Acaba de cair em minhas mãos um vídeo (no final desse texto) realizado por alunos do colégio Equipe, no qual entrevistam Ausônia Donato, que é uma das diretoras do colégio conhecida por ser uma professora “das antigas”.
Não saberia explicar o objetivo da entrevista, pois o vídeo não traz referências, entretanto, é impossível não se emocionar com um depoimento tão sensível e consistente.
O vídeo começa com uma fala, que resume a história de uma mulher, que vê na Educação uma saída para desigualdade e a construção de um mundo melhor.
A primeira pergunta feita a ela é sobre sua infância e num discurso emocionado, apesar de editado, supõe-se que a professora tenha nascido na década de 30. Suas fotos vão se descortinando diante de nossos olhos e o depoimento fala de uma filha única que sofria bulliyng das meninas da rua onde morava e que por orientação médica ganhou um cachorrinho para afastar a solidão, que esse bulliyng lhe impunha.
Nesse trecho, Ausônia diz que poderia a qualquer momento revidar as agressões que sofria, mas dentro de si não achava correta a violência pela violência.
Outro momento importante do vídeo é quando ela conta como foi a perda de muitos de seus amigos durante a ditadura militar.
Mais adiante conta sua formação em saúde pública na USP e nos relata que foi demitida durante o mestrado por não cumprir o projeto. É então que se apresenta a Educadora: sua proposta de projeto era ensinar trabalhadores rurais a fazerem fossas em suas casas. Depois de se inteirar do assunto, conta que “vomitou” toda sua informação diante de 18 trabalhadores que se mostraram totalmente desinteressados e impassíveis diante dela. Depois disso, num lapso de empatia e improvisação, perguntou a eles porque não se interessaram pelo assunto e soube, para sua surpresa, que sabiam fazer fossas e que estavam realmente interessados em aprender a ler e escrever.
A professora que não tinha preparo para a alfabetização aceitou o desafio e em dois meses, eles já estavam lendo e, consequentemente, percebendo o quanto eram enganados pelo dono do empório que se valia da ignorância deles para cobrar o que eles não consumiam. Vale dizer que ela atribui essa coragem à figura de Paulo Freire que a inspirou.
Em outro momento, conta da experiência que fez com crianças da mesma idade e grau de escolaridade, mas de condições sociais diferentes. Ela pediu que todas respondessem a mesma pergunta: Você sabe o que é surpresa?
E a partir de respostas tão diferentes, apesar de corretas, ela se perguntou: podemos ensinar tudo a todos da mesma maneira? Pois é. Não podemos.
Ao longo da entrevista, outras memórias são contadas aos meninos, provavelmente seus alunos ou ex-alunos, mas o que as conecta são palavras como: surpresa, desafio, indagações, inquietações, instigações.
Aqui na Universidade Livre, temos essas palavras como combustível para o nosso projeto de Educação.

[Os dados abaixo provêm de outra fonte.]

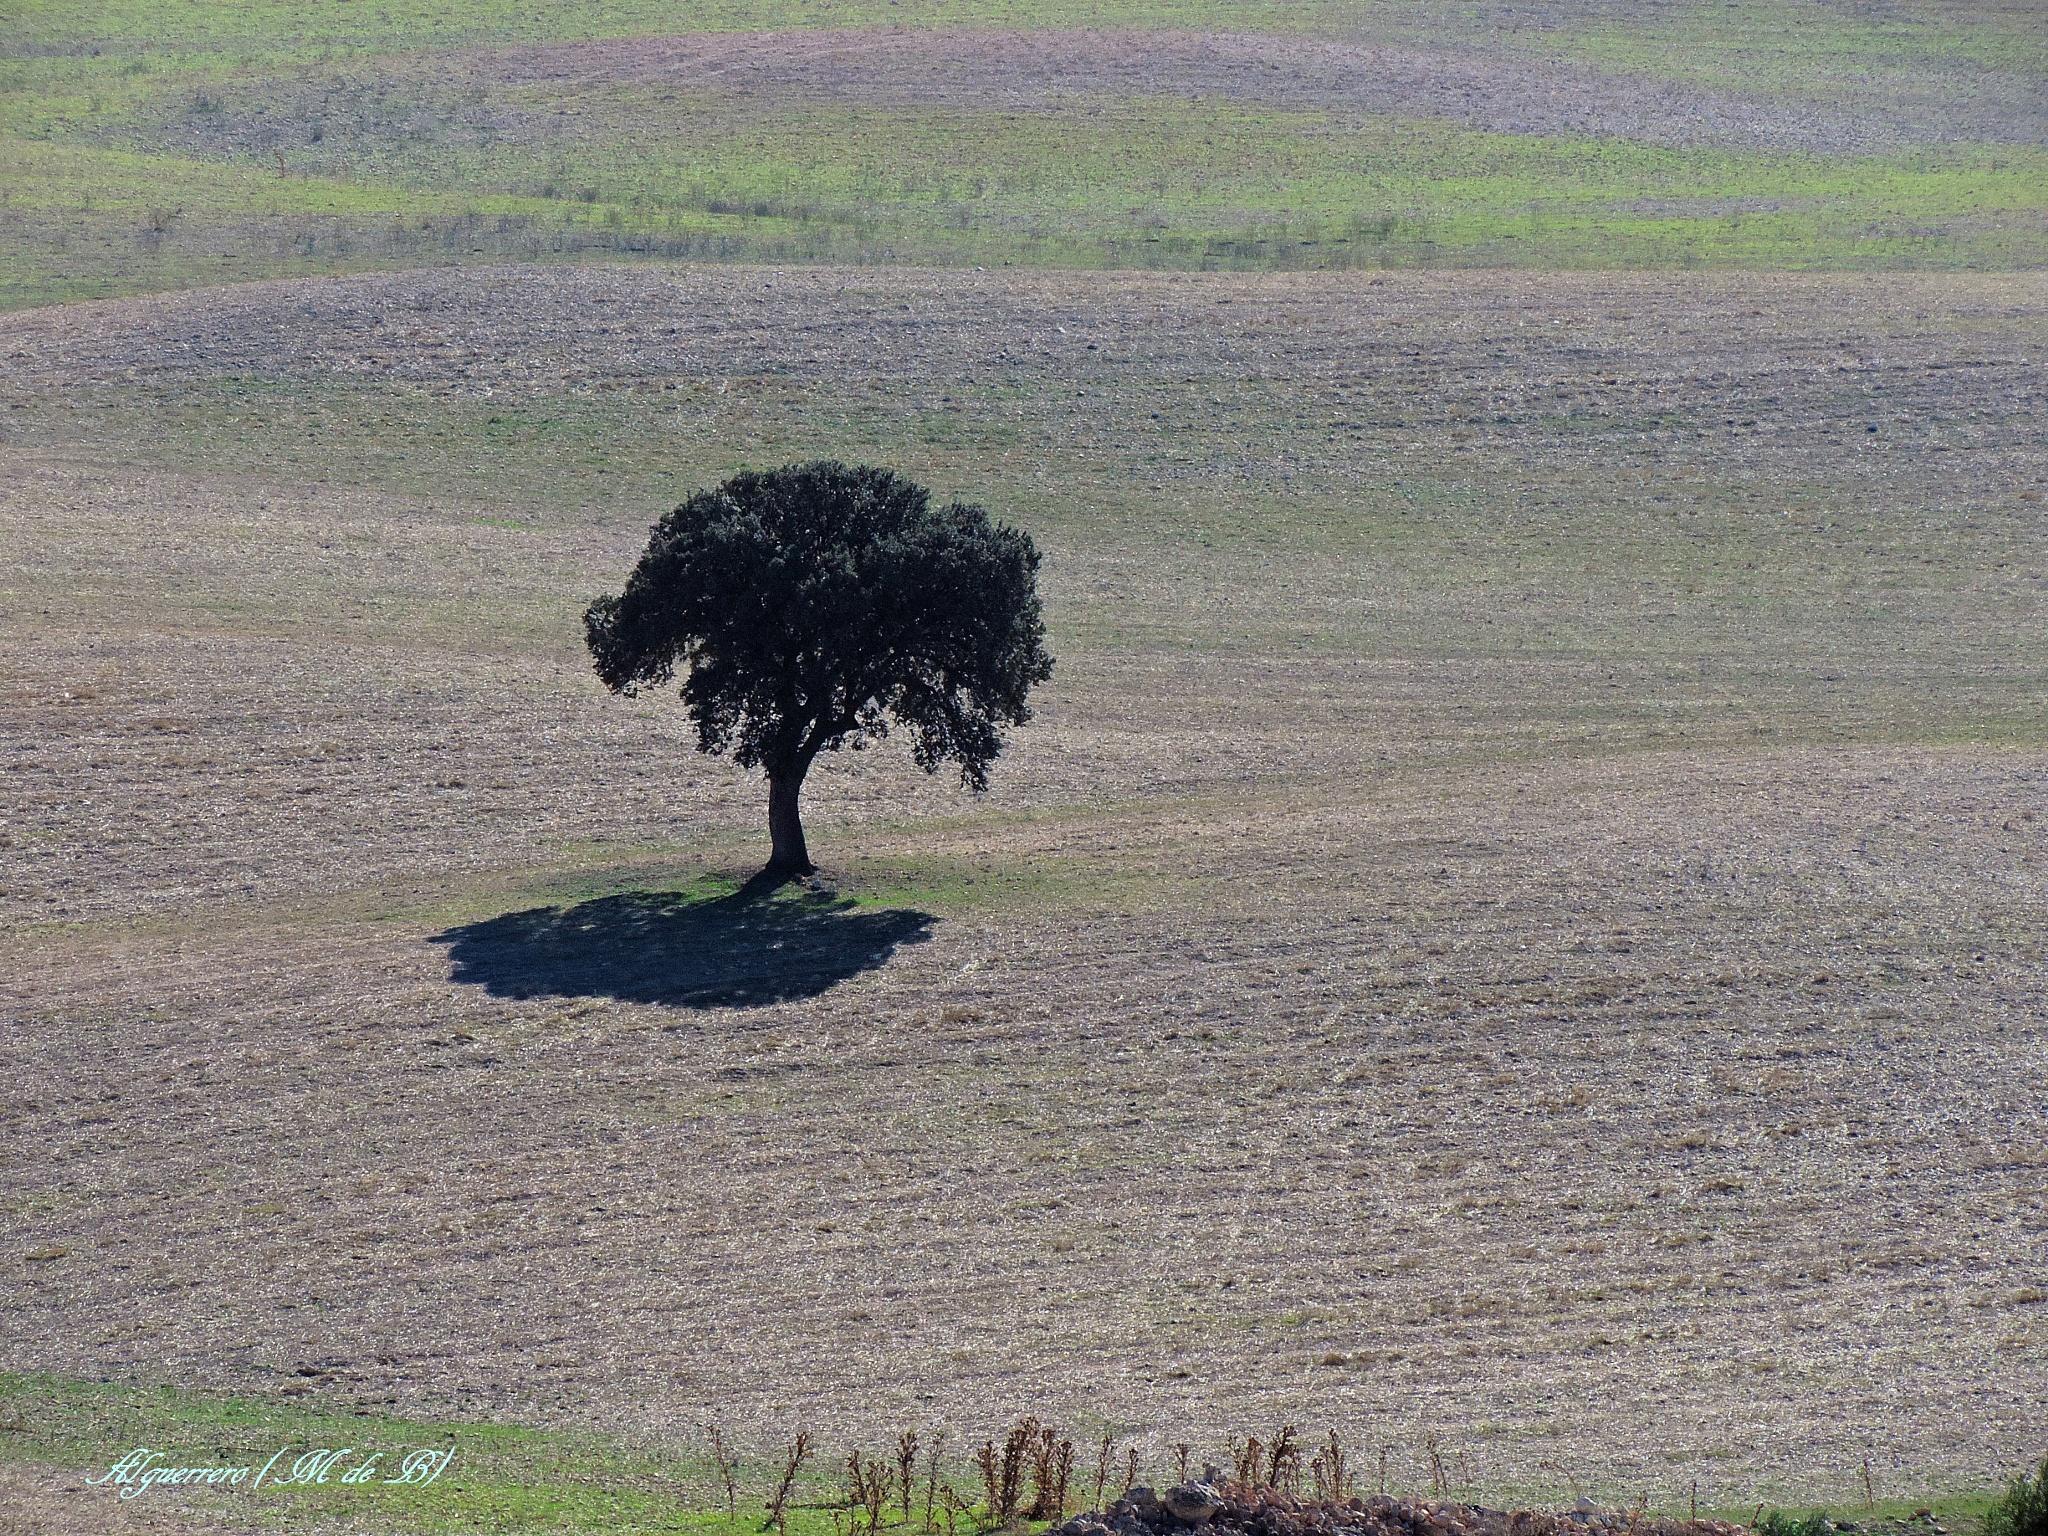 La sombra de la encina. (Oak shadow) by Angel L. Guerrero.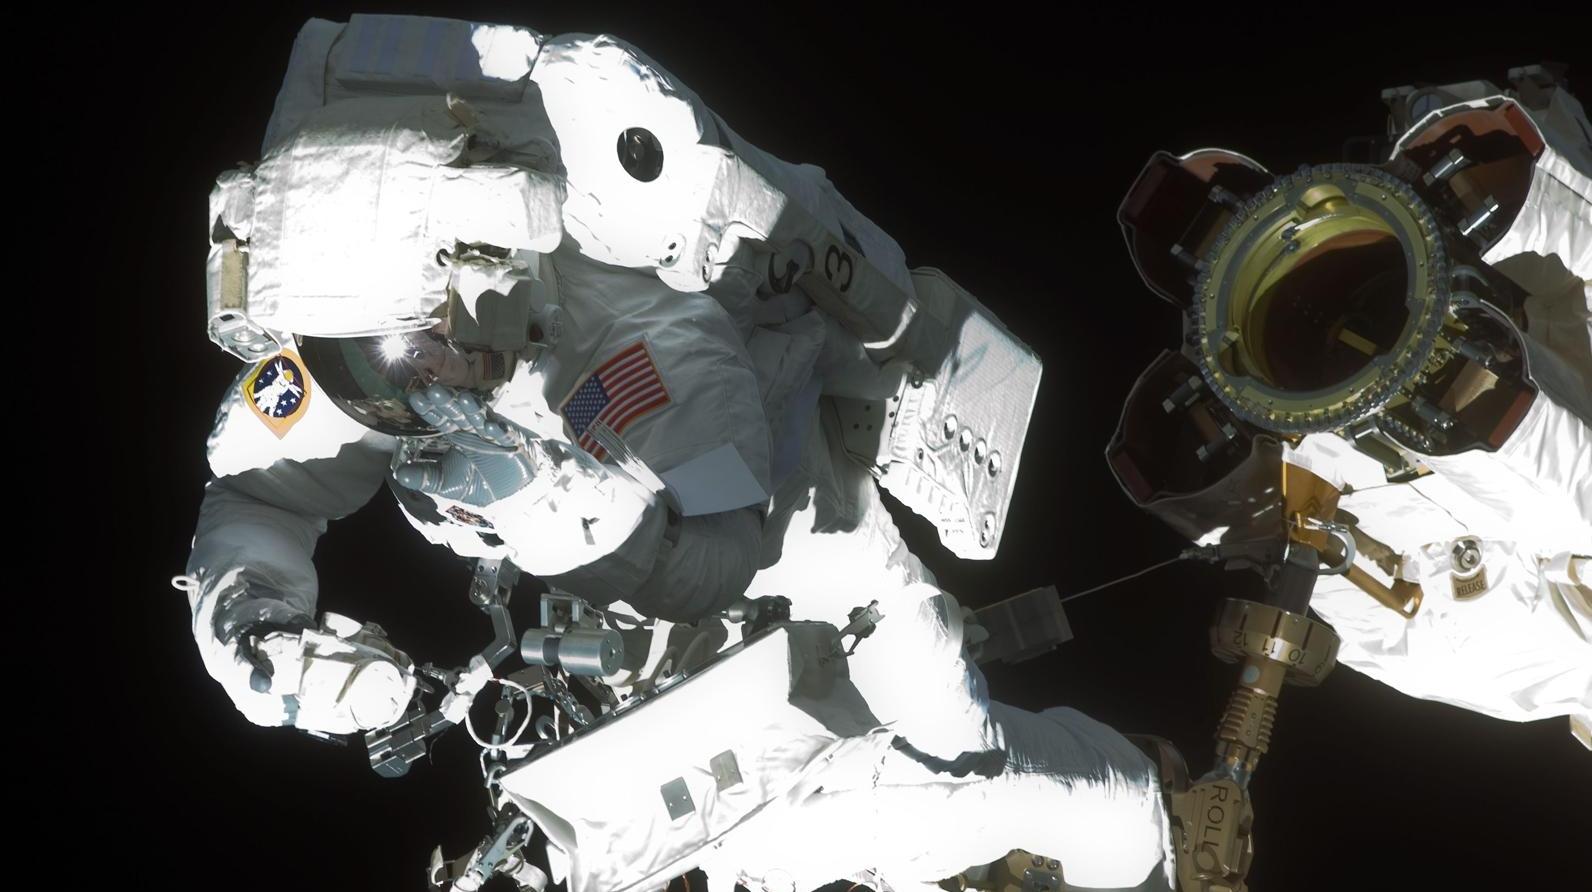 Astronautul Mike Foreman duce la bun sfârşit o misiune la exteriorul ISS.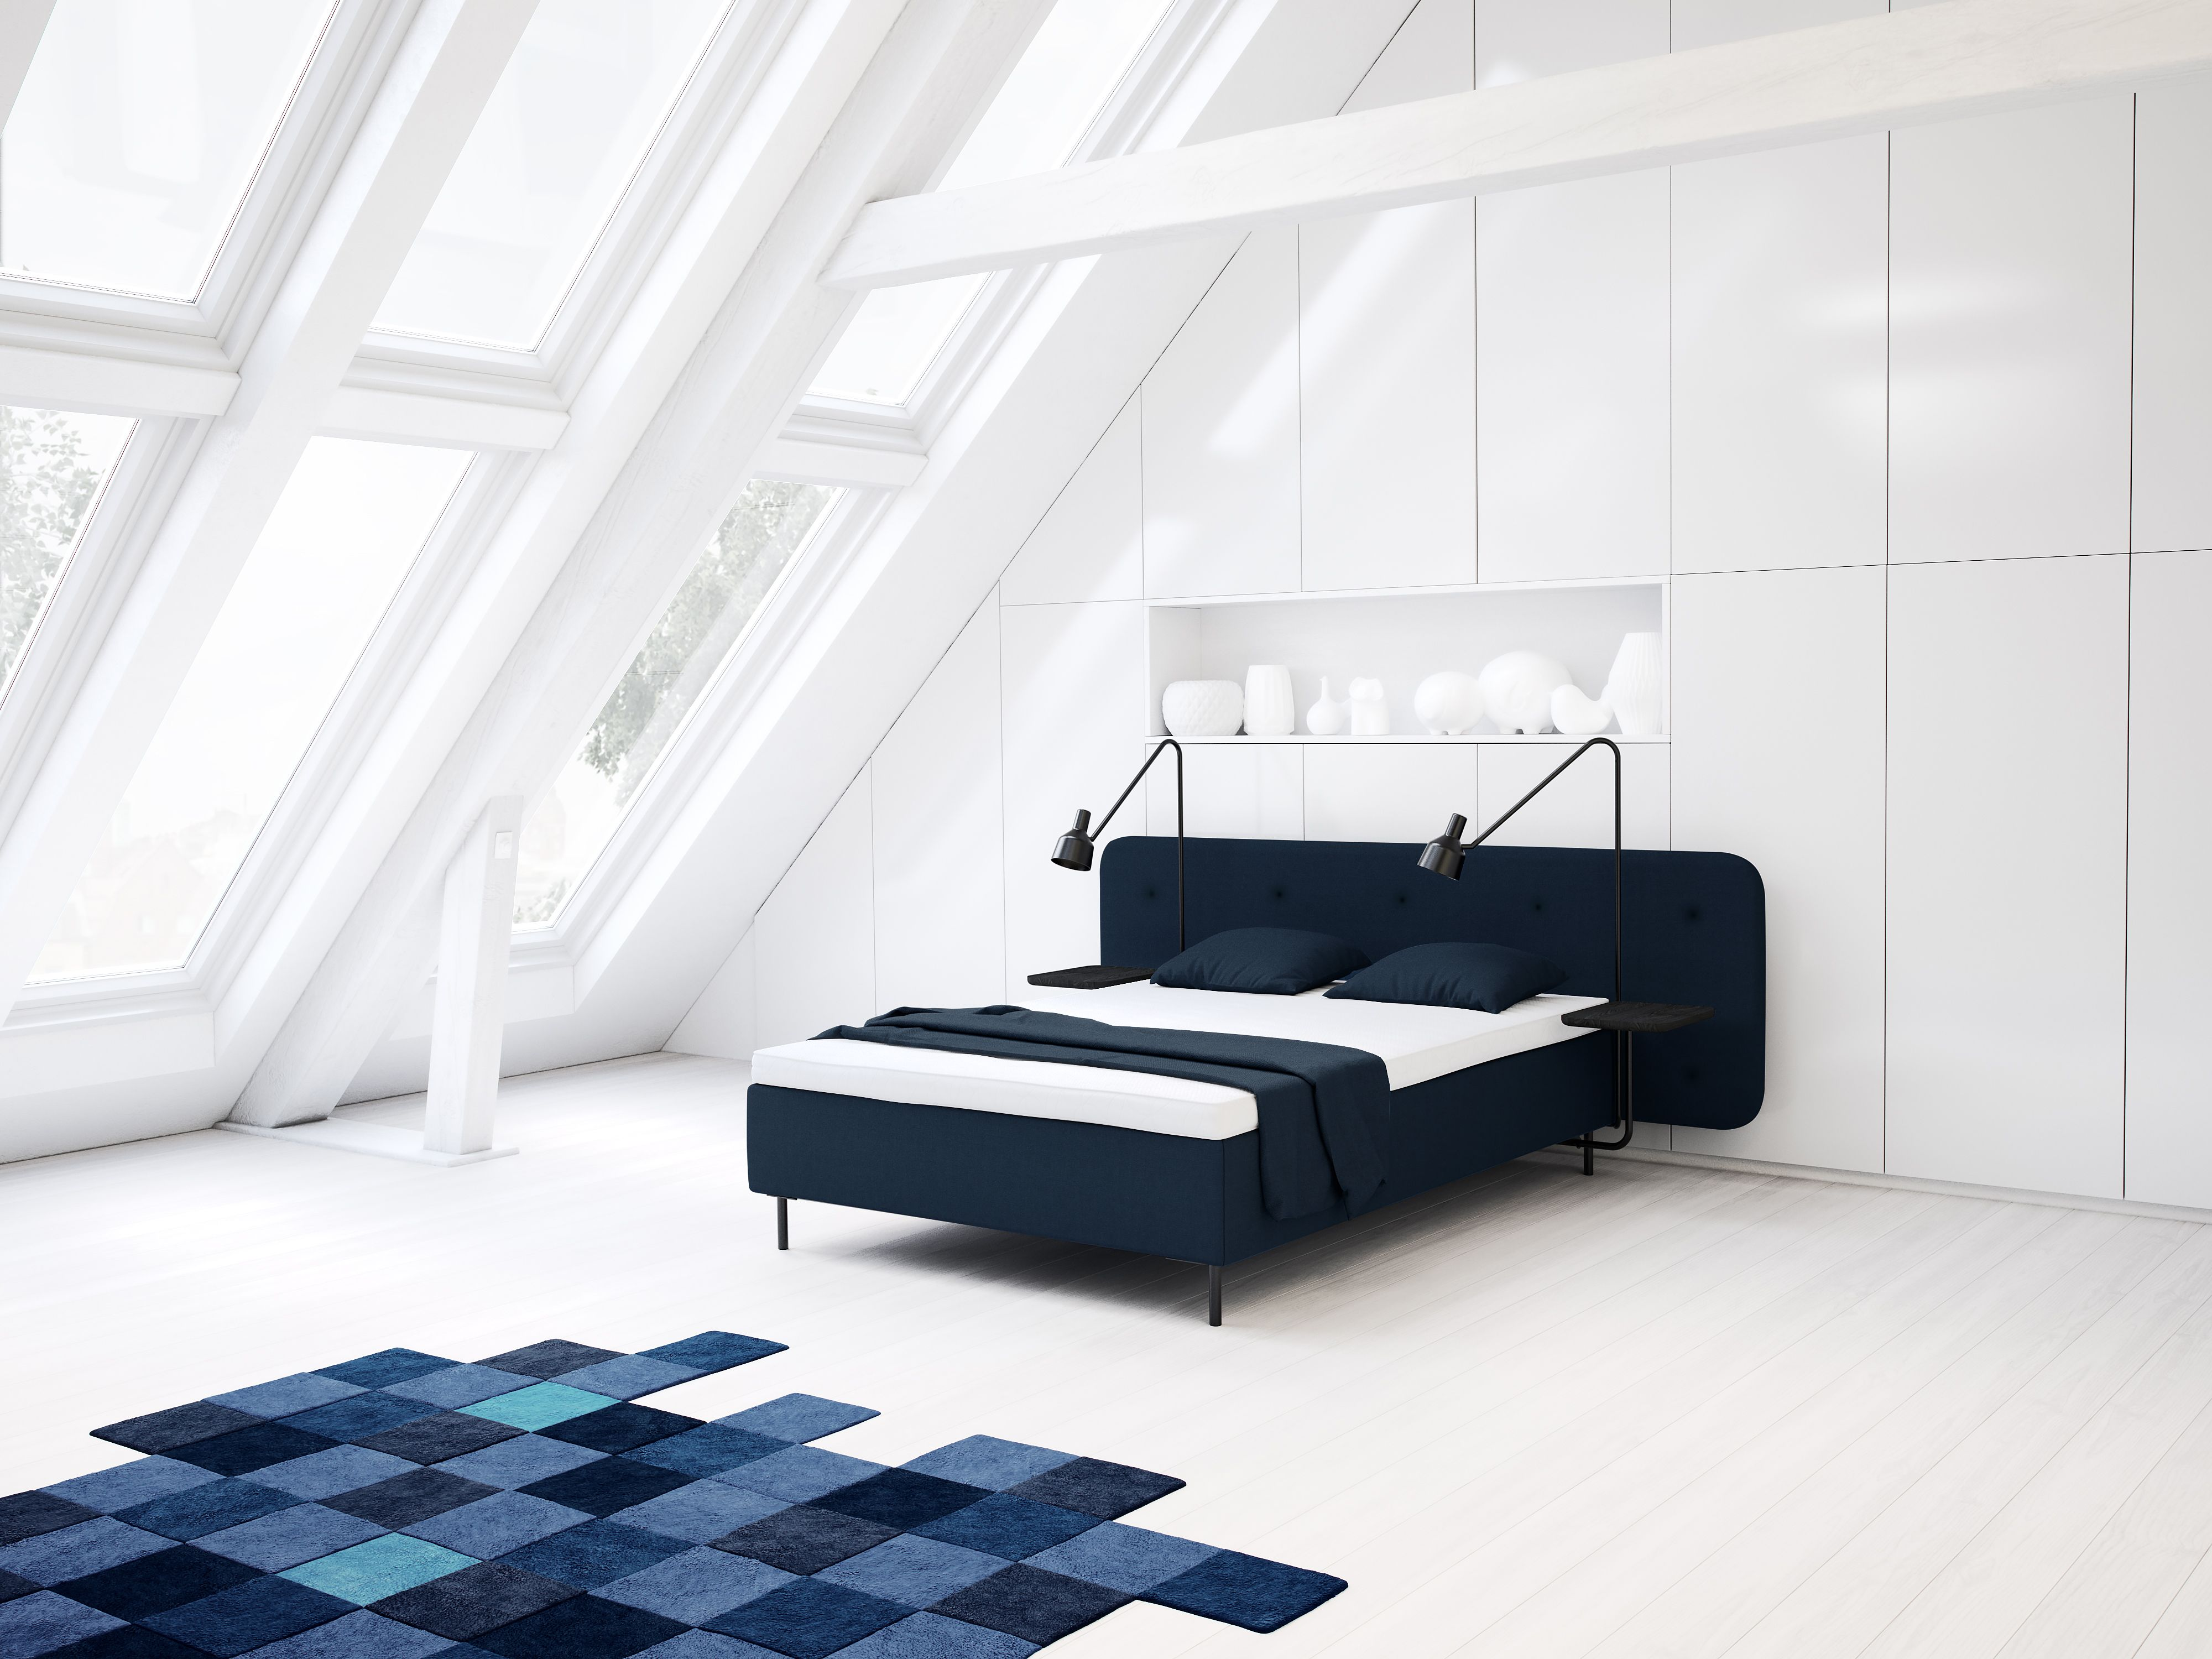 Bett Jensen Nordic Line Supreme Jensen Betten Bett Bett Ideen

Esse vídeo ilustra, no meu ponto de vista, não apenas as diretrizes do educador nato, mas principalmente a importância da troca entre as gerações.
Vale dizer que, independente do método que a professora utilizou e utiliza em suas práticas pedagógicas, a motivação que ela confessa é o desejo de ajudar a construir um mundo melhor e a esperança e a crença nas crianças.
O idoso, o velho – como quer que o chamemos – que viveu uma vida plena de sentido, tem muito a contribuir em novos projetos. Sua presença, suas memórias suas experiências são de vital importância para novas gerações.
Num mundo de desesperança e desencanto com as políticas públicas, poder compreender que educar nasce de uma motivação interior e de uma confiança no outro é revigorante e inspirador.